Чтение онлайн

на главную

Жанры

Шрифт:

Оба писателя строго придерживаются реалистических позиций, точно соблюдают историческую подлинность. Они отказываются от идеализации и модернизации исторических героев, чем так охотно занимаются романтики. Толстой, изображая царя Петра как смелого и дальновидного созидателя новой России, как выдающуюся, титаническую и прогрессивную личность, в то же время его не идеализирует. Царь был и остается защитником помещиков, не облегчающим участь крепостных крестьян, но порой делающим ее еще более тяжелой. С помощью художественных образов и картин Толстой подтверждает правильность ленинского тезиса о том, что Петр «ускорял перенимание западничества варварской Русью, не останавливаясь перед варварскими средствами борьбы против варварства» [25] .

25

Ленин

В. И. Соч., изд. 4-е, т. 27, с. 307.

Хотя Андрей Упит нигде художественно не изображает Петра, а лишь дает его публицистическую характеристику или же упоминает о нем в пересказах хронологических событий, писатель представляет себе личность и историческое значение царя так же, как Толстой. В романе «На грани веков» русский царь нигде не показан как друг латышского народа, но его завоеваниям и деятельности придается прогрессивное значение. Упит называет Петра «одним из крупнейших политических и государственных деятелей и психологически наиболее притягательной личностью в мировой истории».

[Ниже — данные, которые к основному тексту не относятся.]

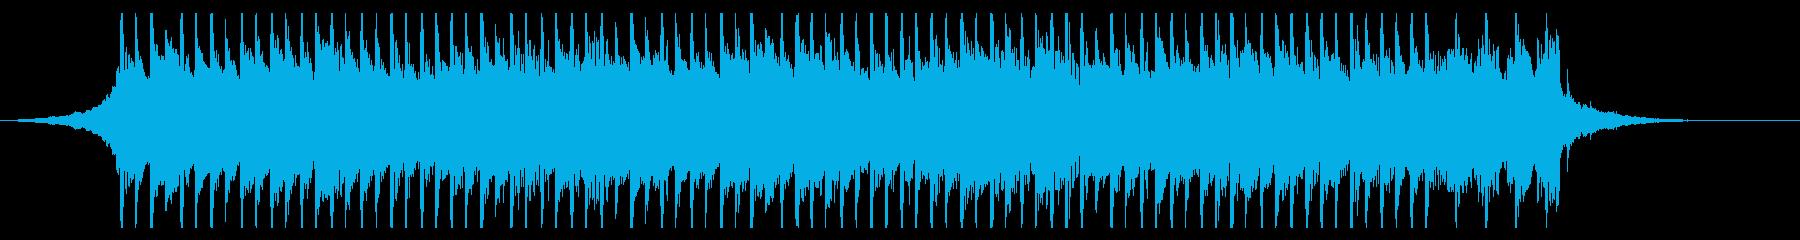 ポジティブコーポレート(30秒)の再生済みの波形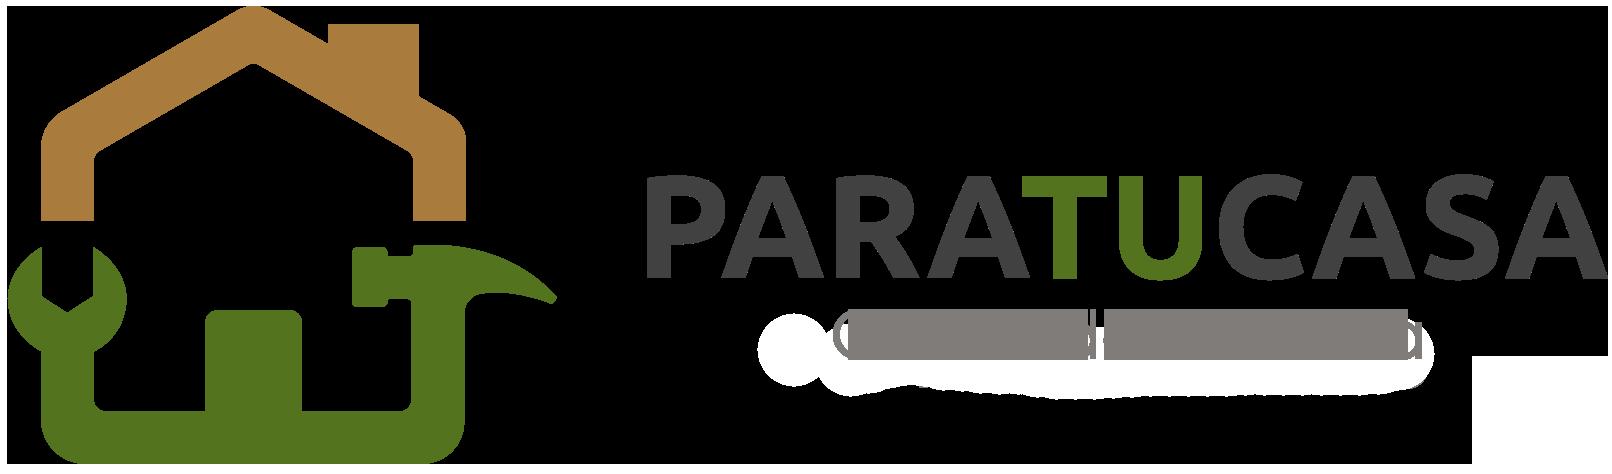 Paratucasa

Подчеркнув значение выдумки, воображения и смелой фантазии при создании исторического романа, оба писателя в то же время отмечают, что необходимо собирать материал, заниматься научными исследованиями. Многие годы А. Толстой искал в архивах документы петровских времен, внимательно изучал их и, по признанию советских литературоведов, опередил даже историков.

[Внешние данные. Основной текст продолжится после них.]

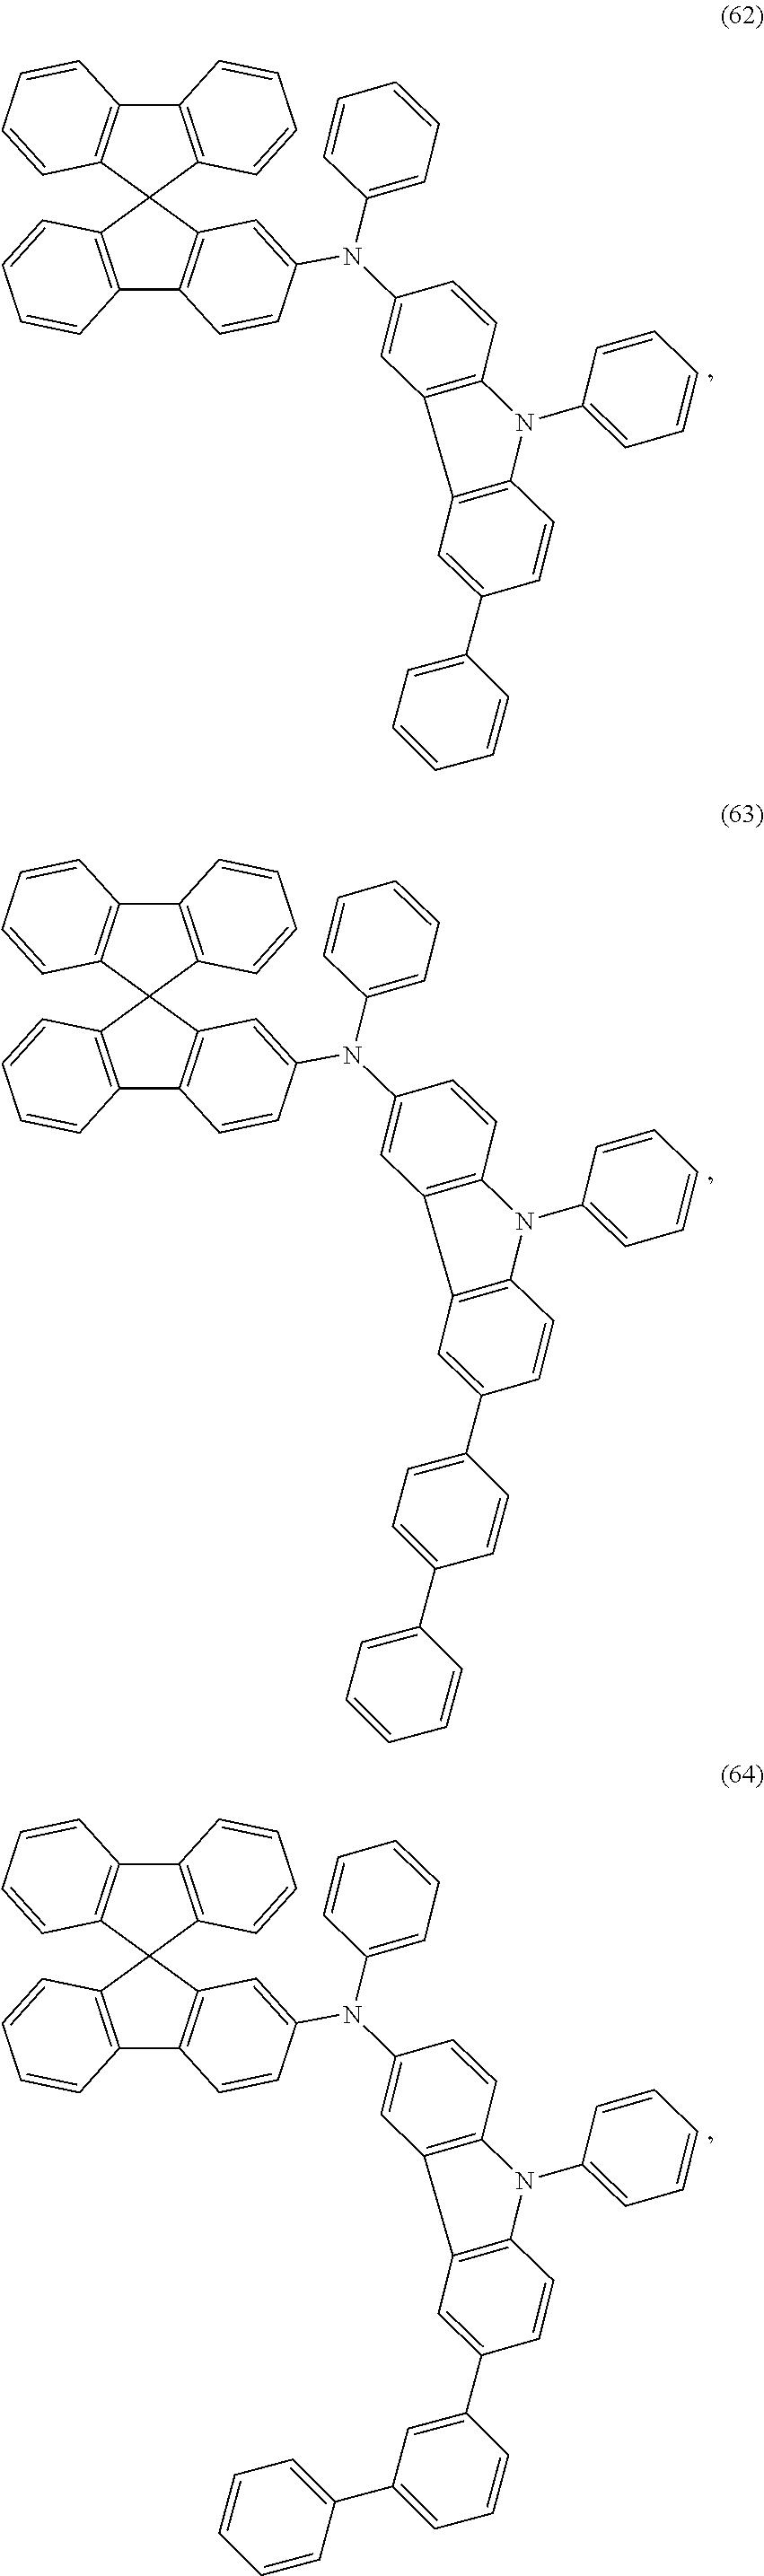 Figure US08704212-20140422-C00057

Заслуга Упита перед историей Латвии в том, что он разоблачил легенду про «добрые шведские времена». Латышские буржуазные историки того времени всячески восхваляли владычество шведов в Видземе. Андрей Упит не отрицает прогрессивного значения проведенного в период царствования короля Карла XI отчуждения имений, введения «ваккенбухов» и других реформ. Он наглядно показывает различие положения крестьян в казенном имении Лапмуйжа и в принадлежавших немецким баронам Атрадзе и Приедайне. Но по ходу романа классовый характер этих мер выясняется все больше. И приедайнский кузнец понимает, что редукция имений и реформы проведены не для того, чтобы улучшить положение крестьян, а чтобы обессилить местных немецких помещиков, а плоды крестьянского труда передать в руки шведского монарха. «Барин барину глаз не выклюет», но «если на два едока одна миска, то иногда и выклюет», рассуждают крестьяне. Изданный Карлом XII закон о жестоких наказаниях крестьян, противящихся помещикам, уничтожает последние остатки веры Мартыня в шведский «гуманизм».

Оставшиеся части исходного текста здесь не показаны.